HTTP Keep-Alive is not always your friend - but math is!

In HTTP 1.1 connections are reused by default. This means that if you make two HTTP requests after each other you can do it over the same TCP connection. This saves you the overhead of setting up a new TCP connection. This is even more important if you're using HTTPS since the SSL handshake to setup the secure communication is relatively expensive for the server. That is why you typically want to reuse connections when you can. if you're using an HTTP client library (such as HttpClient in .Net) the client library will open a few connections if needed (this is configurable and the default is two) and then reuse them as long as there is new requests pending soon enough. but this can also be a problem if your server is a cluster such as a few instances in an Azure deployment. The problem occurs when you have few (relatively speaking) clients generating a lot of requests on your servers.

This is easily illustrated with an example. Let's assume that you have two servers behind a VIP (i.e. for each new TCP connection one server is chosen using a round robin selection) and three clients who each need one TCP connection but do 10 requests per second using this connection. Client one will first open a connection to server one, client two connects to server two and then client three connects to server one. And now we have an uneven load of 20 requests per second on server 1 and 10 requests per second on server 2. This might not be too bad if we had 101 clients and two servers given that each client is equal but that is probably not the case. Consider for example the case where client two in the example above only generates one request per second and closes the connection between each request. Now server one will alternate between 20 and 21 requests per second while server two has zero or one request per second. If you have a mix of these short lived connections and long lived connections and assuming that even the long lived connections once in a while will be closed, then you will notice that some of your servers will have much more load than some others. This is probably not desirable since random servers will have very high load at random times while a lot of servers will have less than average load. This problem is called connection affinity.

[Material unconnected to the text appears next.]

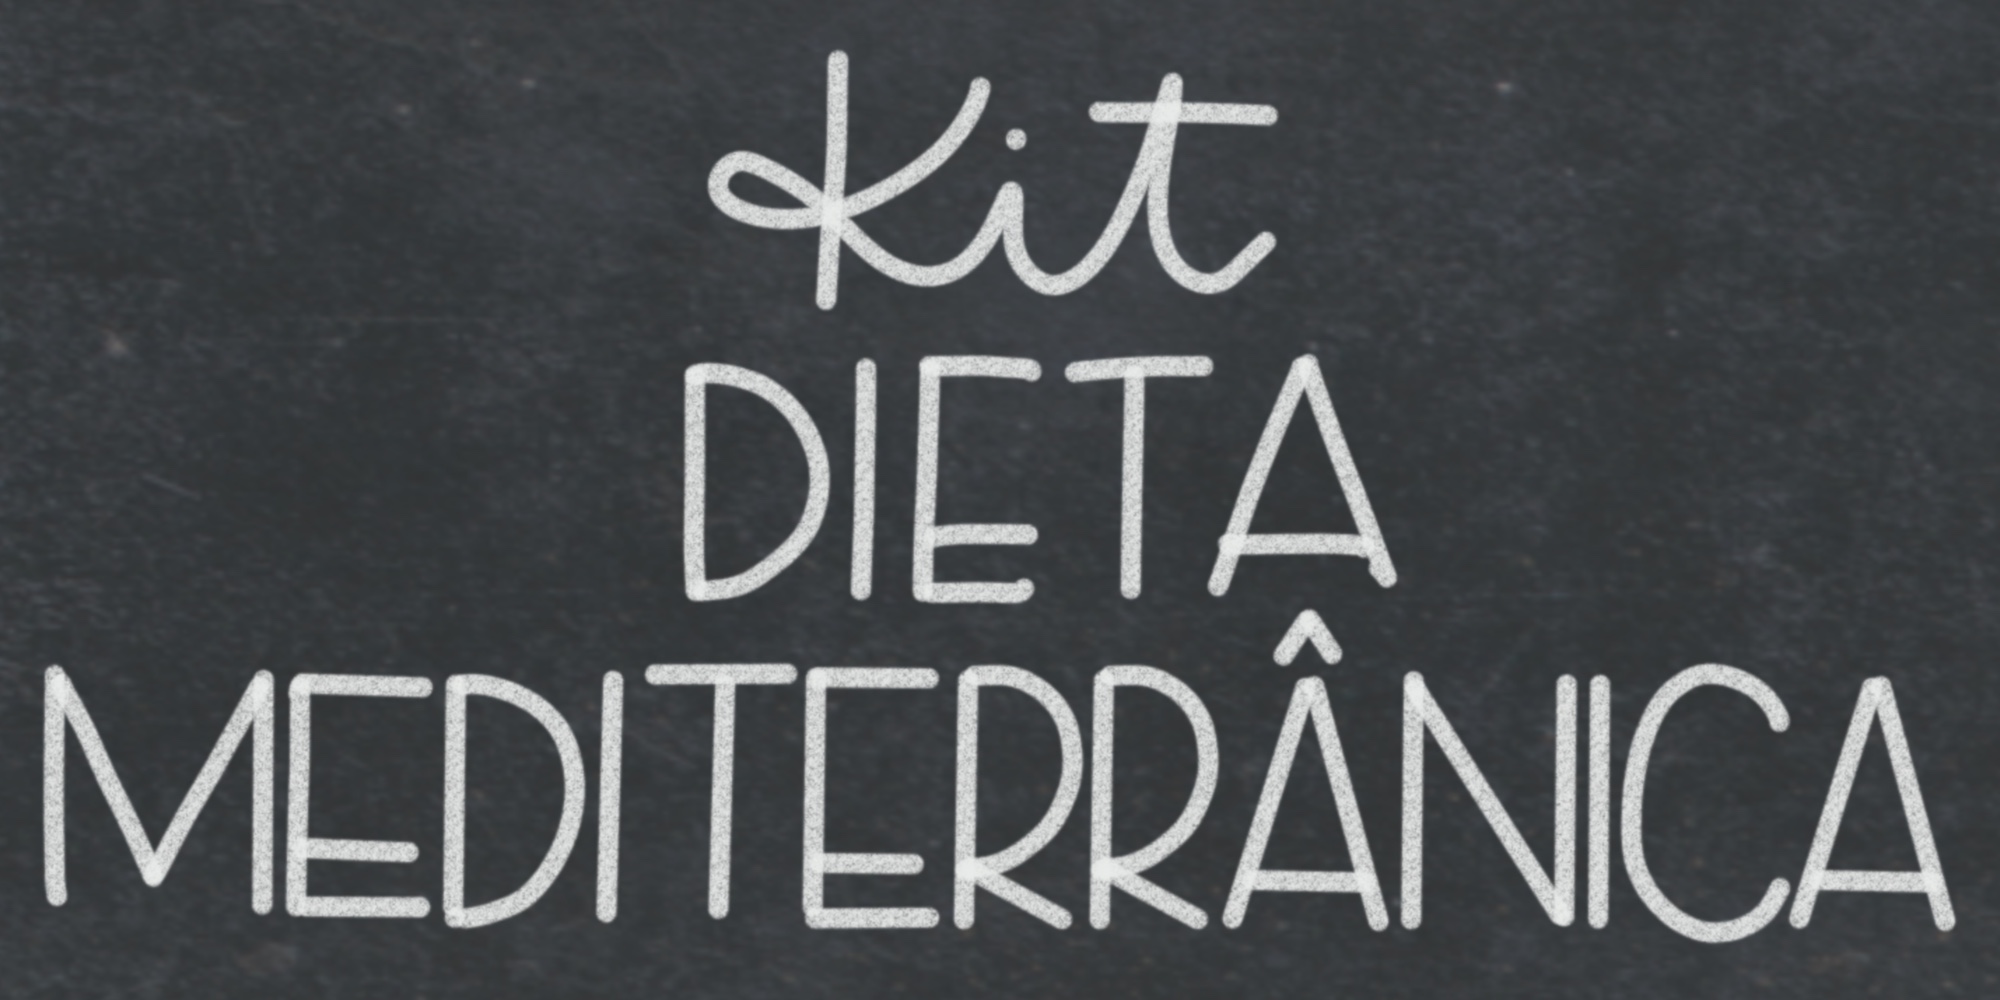 Kit Dieta Mediterranica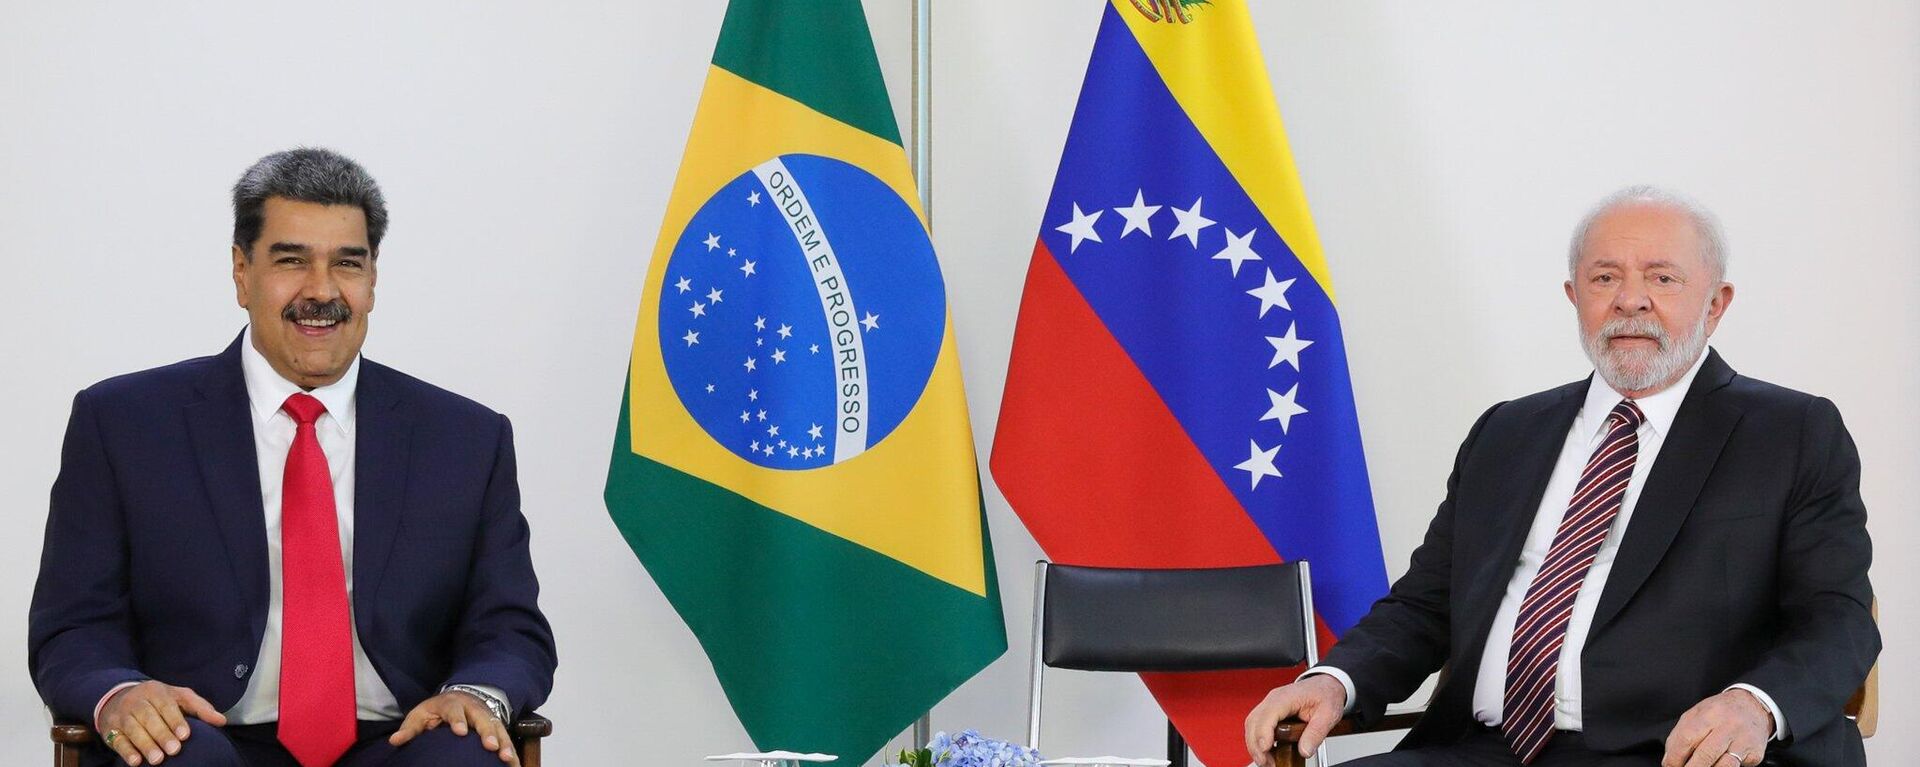 El presidente de Venezuela, Nicolás Maduro, y su homólogo brasileño, Lula da Silva, en una reunión el 29 de mayo de 2023 - Sputnik Mundo, 1920, 29.05.2023

You might think that a smarter VIP choosing where to route new connections based on capacity would help and yes it will. A little. The problem is that once a TCP connection is established the VIP cannot do anything to reroute it. At least not your vanilla VIP. Maybe there is some super advanced HTTP inspecting VIP out there but you probably don't have one so don't bother thinking about that too much.

What you want to do is to let a few requests be handled by the server on each TCP connection to get the best of both worlds; reuse a connection for a while to reduce connection overhead but once in a while force the client to connect again so that gout VIP can load balance. While this is definitely possible the overhead to keep a list of all clients currently connected in your web service will waste some memory and CPU cycles and instead you can let math help you. If you want to reuse each connection N times on average you can randomly choose to close a connection after each request with the probability of 1/N. This works great for a mix of long lived and short lived connections since the long lived connections will be closed on average every N requests (trust math!) while short lived connections with just a few requests are likely to not be closed prematurely.

You might be temped to just have a global counter and close connections every time your total counter hits N. This does not achieve what you want. There is a famous problem called the coupon collector's problem that tells us that if you have N options that are equally probably the number of picks you need to make in order to expect to have picked all N options is N ln(N). That means that if you have C connections and close every N requests it will take C N ln(N) requests before you can expect to have closed all connections so he average life time of each connection is going to be larger than N. Once you add a number of short lived connections it gets even worse. Trusting randomness is much easier and more accurate!